▸ EXERCISE DIRECTIONS: Find, in the records below, the line that contains "Essentials Ruched Solid" and the line that contains "One Piece Tummy Control Swimsuits". Copy those two lines and everything between them exactly, but not the pictures.

▸ DATA FOR REVIEW:
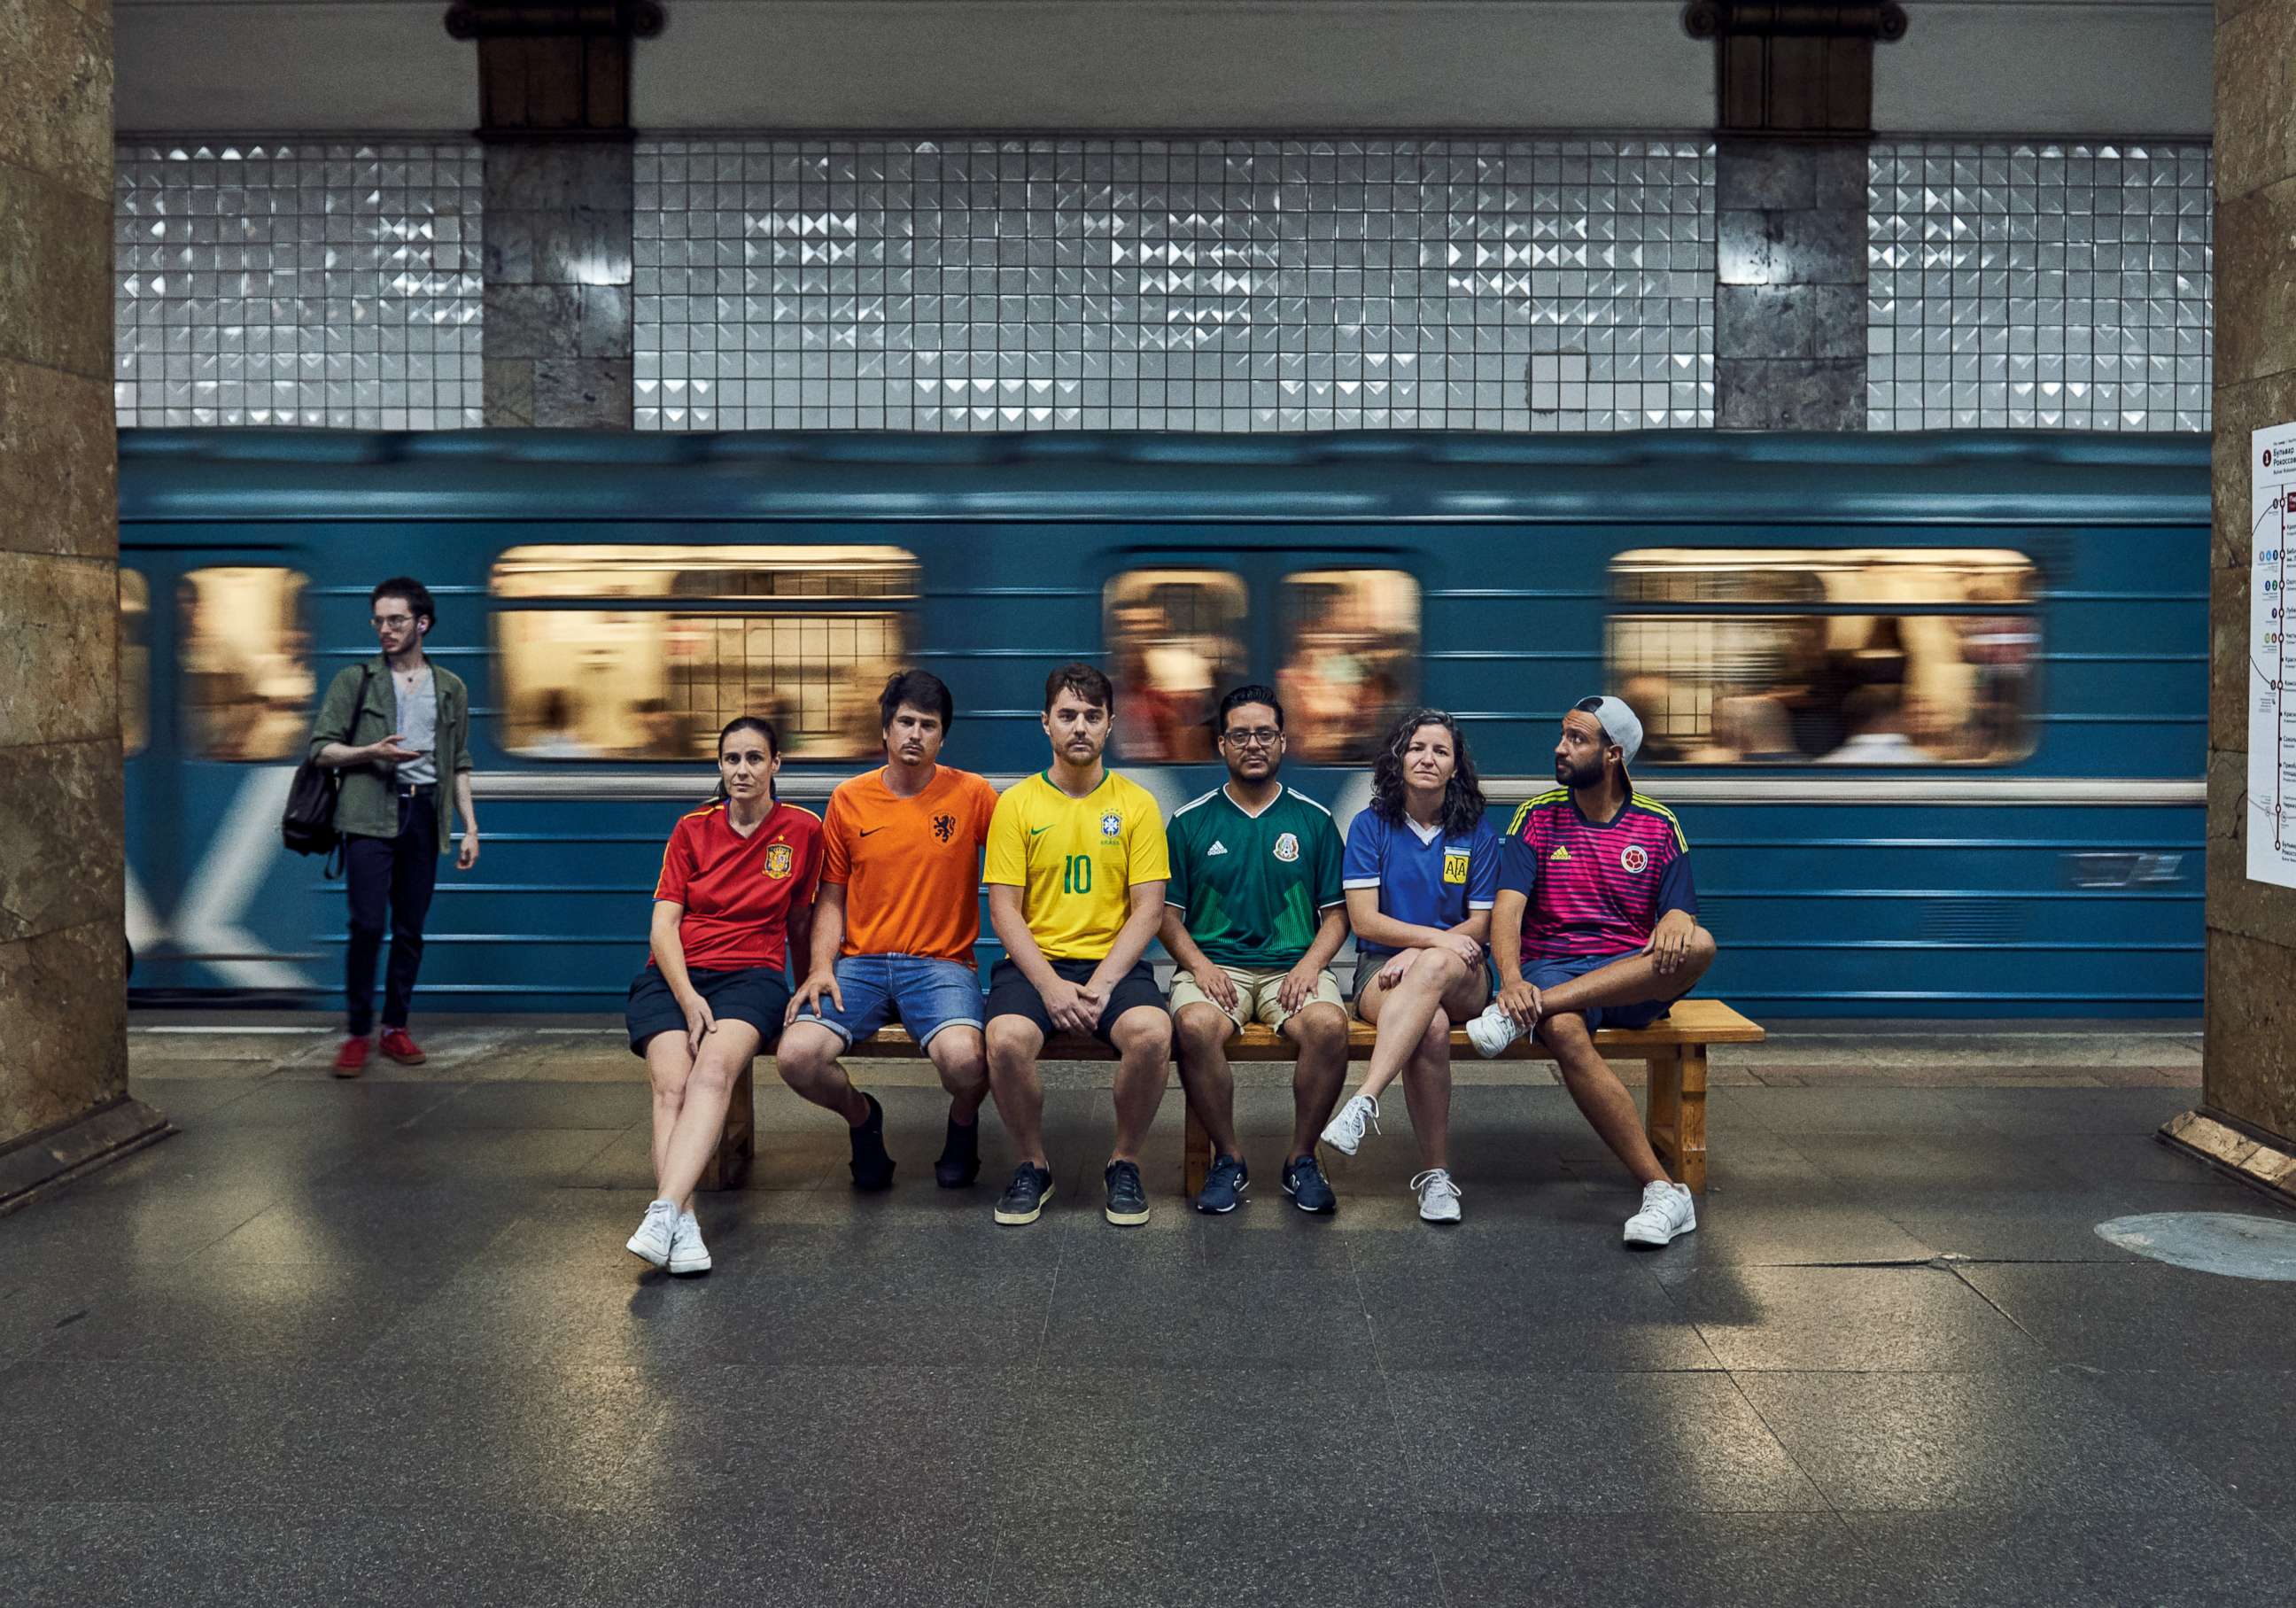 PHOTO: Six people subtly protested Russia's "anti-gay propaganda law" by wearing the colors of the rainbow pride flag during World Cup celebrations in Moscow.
* * *
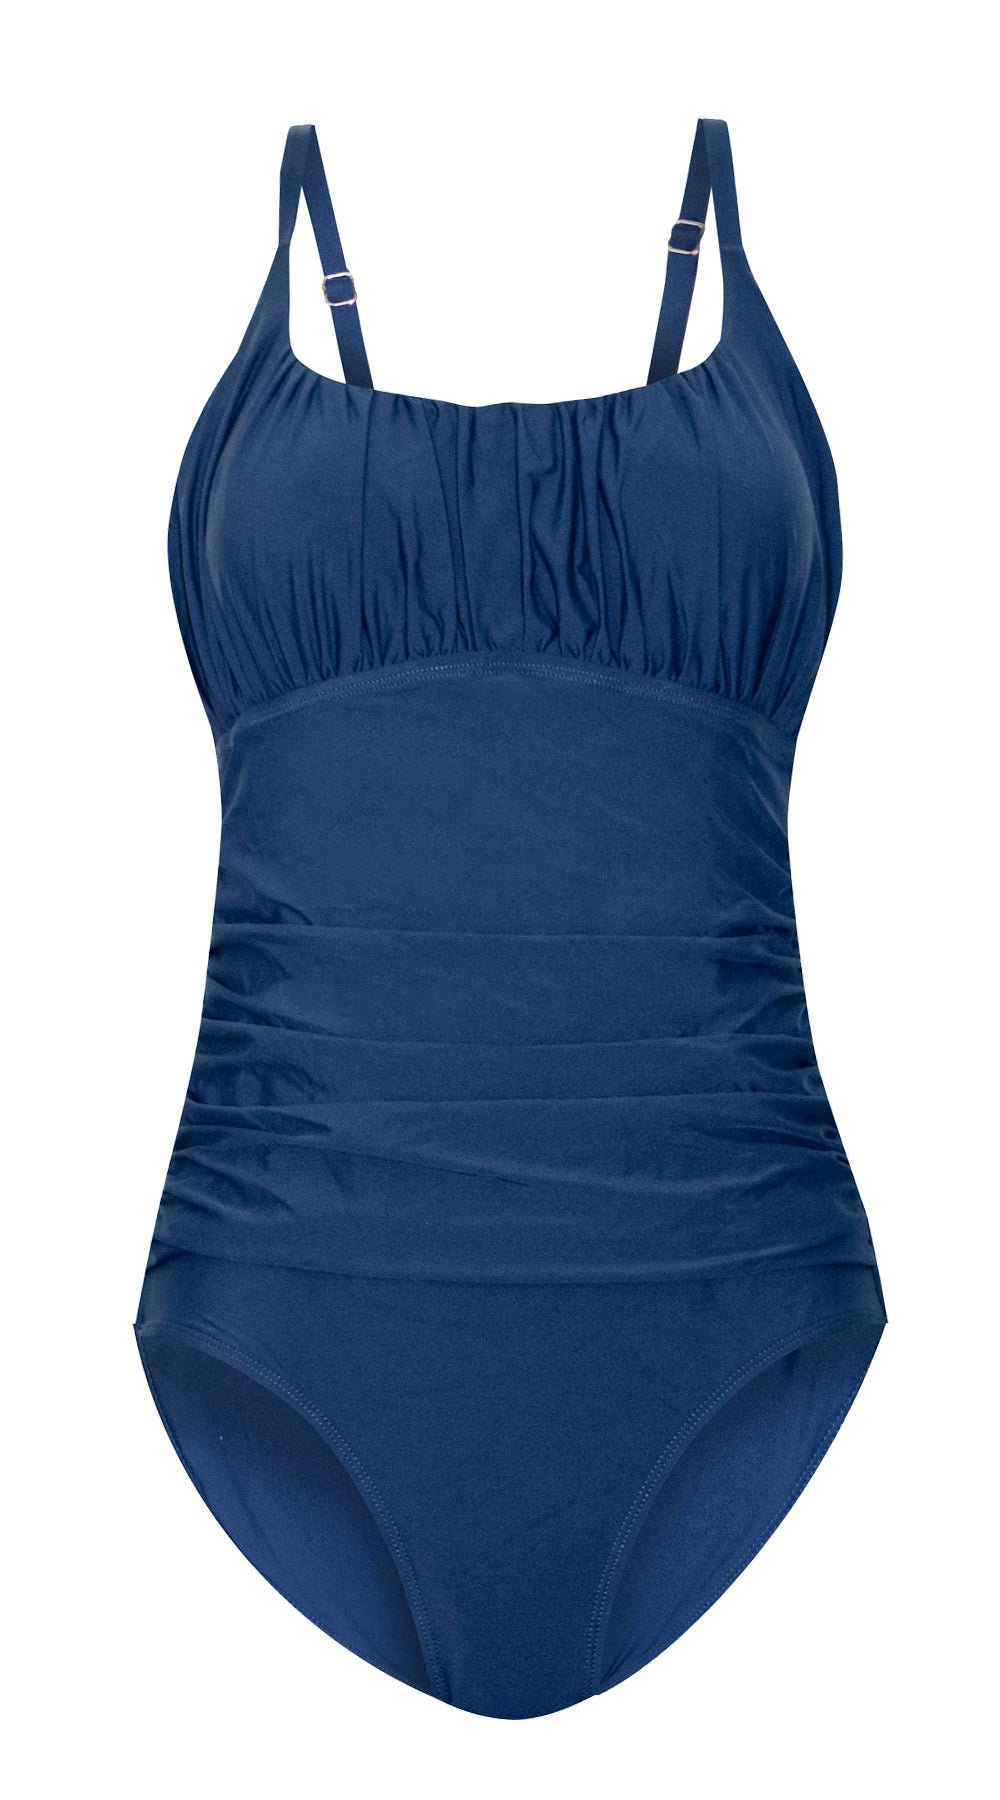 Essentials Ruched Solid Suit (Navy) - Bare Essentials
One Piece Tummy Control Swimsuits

▸ RESPONSE TO THIS TASK:
 Essentials Ruched Solid Suit (Navy) - Bare Essentials
One Piece Tummy Control Swimsuits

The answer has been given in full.